Today’s version of artificial intelligence is at risk of undercutting the power of knowledge.To free this important technology, here are 10 recommendations that will enable AI in manufacturing operations to prosper.   By Jim Davis

Artificial intelligence and machine learning have taken on silver bullet status for advanced manufacturing with entire countries investing in programs and competing for global leadership. This resurgence in interest has been propelled over the past 10 years or so with significant and publicly prominent advances in particular AI areas, notably game playing, robotics, self-driving cars, speech recognition, facial recognition, and many decision systems we experience as consumers of products and services. Of course, the other major factor is today’s access to data management and computational capabilities that simply did not exist a decade ago.

Unprecedented capacity to collect, work with, and manage massive amounts of data are now commonplace with network-based cloud services; graphical processor units, not just CPUs; and, more recently, computationally rich edge-cloud capabilities. Altogether, breakthrough data science, IT infrastructure and methods now exist for learning systems applied to amazingly large data sets. These include deep convolutional neural networks, a host of data clustering approaches, reinforcement learning, recurrent neural networks, and statistical learning.

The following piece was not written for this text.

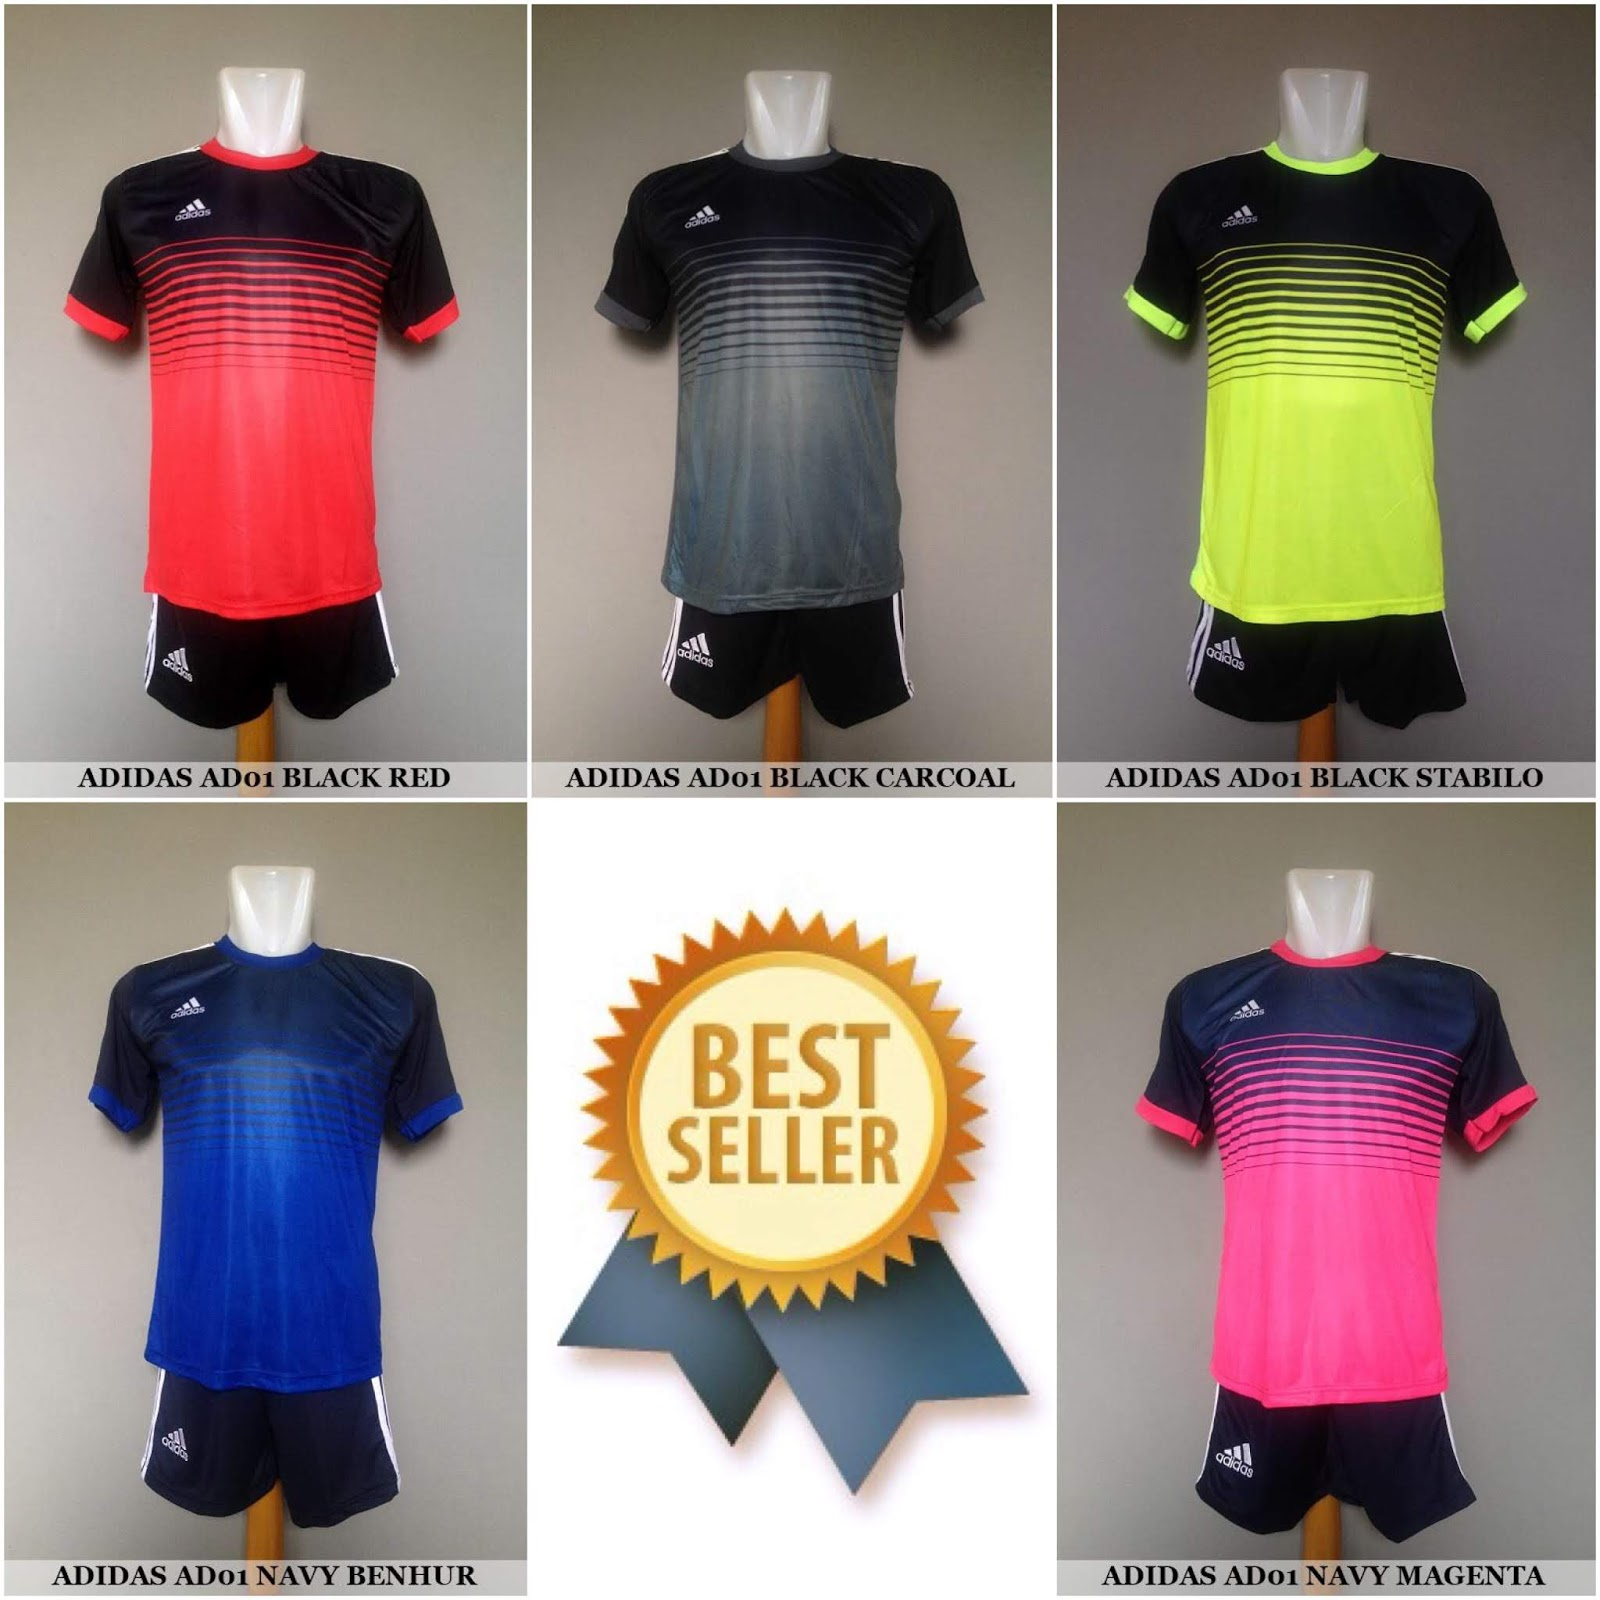 440 Desain Baju Futsal Keren Depan Belakang HD

A particularly important class of AI/ML applications in manufacturing involves measuring the state of an operation, analyzing it, and determining automated and human-centered actions to be taken at the right time. For those of us involved with the early work on this class of AI/ML applications in the 1980’s, we know all too well why the technology did not take off and all but disappeared. We were working with primitive graphics, experimental AI machines, and early object-oriented and AI languages. The web did not yet exist, ERP systems had not come into vogue, and cloud services had not been thought about. On the plus side, cyber security was not yet an issue.

More importantly, manufacturing’s prevailing coding mindset was asset- and operations-oriented. Object-oriented programming did not get any traction (and still has not) as a concept for structuring process knowledge for better usability. Digitization was occurring but digitalization and the data revolution had not begun. The industry just wasn’t ready conceptually, technically, or with adequate infrastructure.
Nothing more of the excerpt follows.